Feb 20, 2005 20:17
I don't know much about him really. So little, actually, that most times it's more convincing to my heart and mind to assume he was a ghost I created in my phantom land. All I know to be true of him is that when he spoke, it was almost always with a sly smile that made the wrinkles extending from the outer corners of his eyes come out and stretch their arms. His english accent laid on so thick that you could touch it as it permeated the burnt Arizona air. People were drawn to him. Every day a new stranger would stop by the Cabana and engage in endless conversations with him. He was a man every one proudly called their friend.
It was his smile that touched me first.

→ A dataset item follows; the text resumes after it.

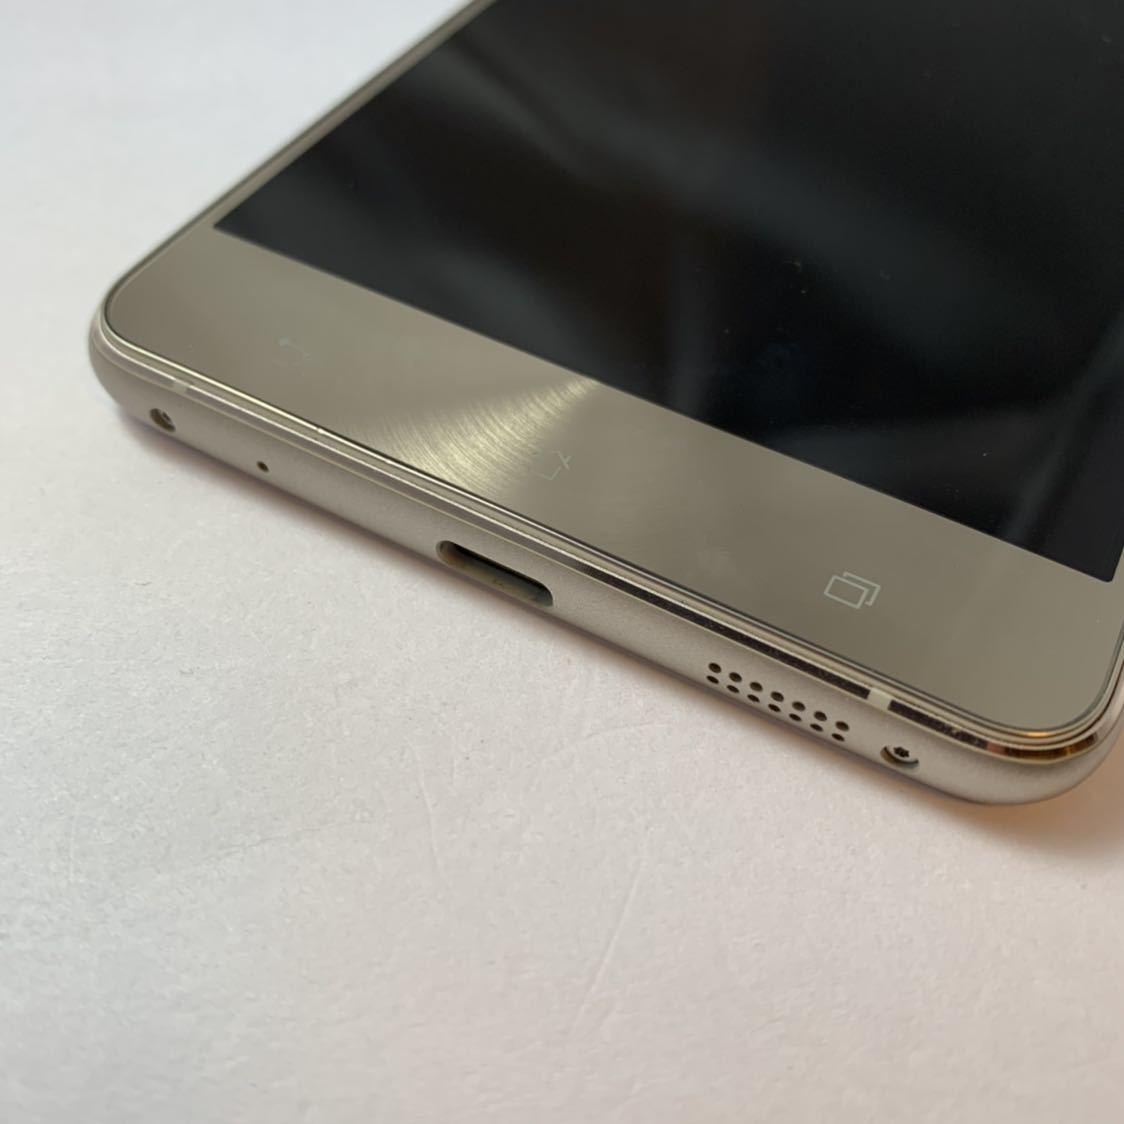 ASUS Zenfone 3 Deluxe 5.5 ZS550KL 64GB SIMフリー 本体 Z01FD ゴールド 海外版_画像4

It would spread itself across his face, through the smoke of his always lit cigarette, and plant itself across my own face. It was something unavoidable. To smile back at him was an urge as strong as the force of strings attached to either corner of my mouth and he, the puppeteer, gently pulling upwards on each of them.
He was my friend. I spent most of my sumer by his side on our little Cabana oasis planted amongst a sea of black asphalt and the standard 100 degree plus weather. He filled my loneliness and sadness I felt from moving back to the desert after a failed attempt of living out East on my own. My heart was bruised, sore, and broken. He nursed it back to life. We would lie on the leather couch in the heaven of the air conditioning, and smell of coffee beans, and just hold each other. We alternated between rubbing each others stocking feet and reading out loud the latest book I was reading. He was healing me without knowing.
I loved him as a friend, as one I felt I could trust with anything, including my sutured heart. I could have never known, nor prepared myself of the discovery to come a month later that he was the man my son would know as his father.
Mid-summer he had to return back to the foreign english country that loaned him to us all for the past year. I bit my tears with the pain of biting a bullet when the day arrived for his departure. We hugged goodbye as the angry sun looked over us. It would be the last time I ever felt his salt and pepper hair between my fingers, and the heat of his body embraced securely with my own. Our son was only a week in the making that day, and this was the closest he'd ever come to his father.
I found out about my little boy almost a month to the date that he moved away. I let him know immediately, and he sounded genuinely excited at the news of having a son after being told his whole life by fertility specialists that he would never be able to father a child. I wanted to believe him when he said he would take care of us, that he loved us both, and would be here before our baby took his first breath... so I did.
Over the course of my pregnancy his weekly calls turned into bi-weekly, than monthly, until there were none. Excuses for the absence of his voice and body were soon to be the only thing that filled the space between us. And yet I still held on to him. I still missed him. Still held him so highly in my mind with the benefit of the doubt that he'd come through somehow. Each day the reality of the situation ripped away my belief in him like the blanket from the clutched hand of a child until there was only a thread remaining from my security blanket of belief.
Sometimes we ingrain beliefs in our minds to give us the courage to prevail through otherwise unbearable times. We all do it every day to some degree. Ask anyone you pass by what they believe in, and though they may have to pause to ponder the question, I'm sure they will all be able to produce a decent list of their own personal, religious, scientific, or cultural beliefs. It's what makes us human, the choice of what/who to believe.
My belief in this english phantom was in vain, but it helped me be relatively healthy through this pregnancy, and carry a seemingly healthy baby boy, that otherwise, I don't know I would have had the strength to endure. I run my hand over my swollen, stretched out, aching belly, and whisper heart-filled I love yous to my unborn son. Every time I say those three words to him I'm embedding with them a silent promise to always be here for him to believe in for love, shelter, comfort, and strength... beliefs that every child should have in their mother.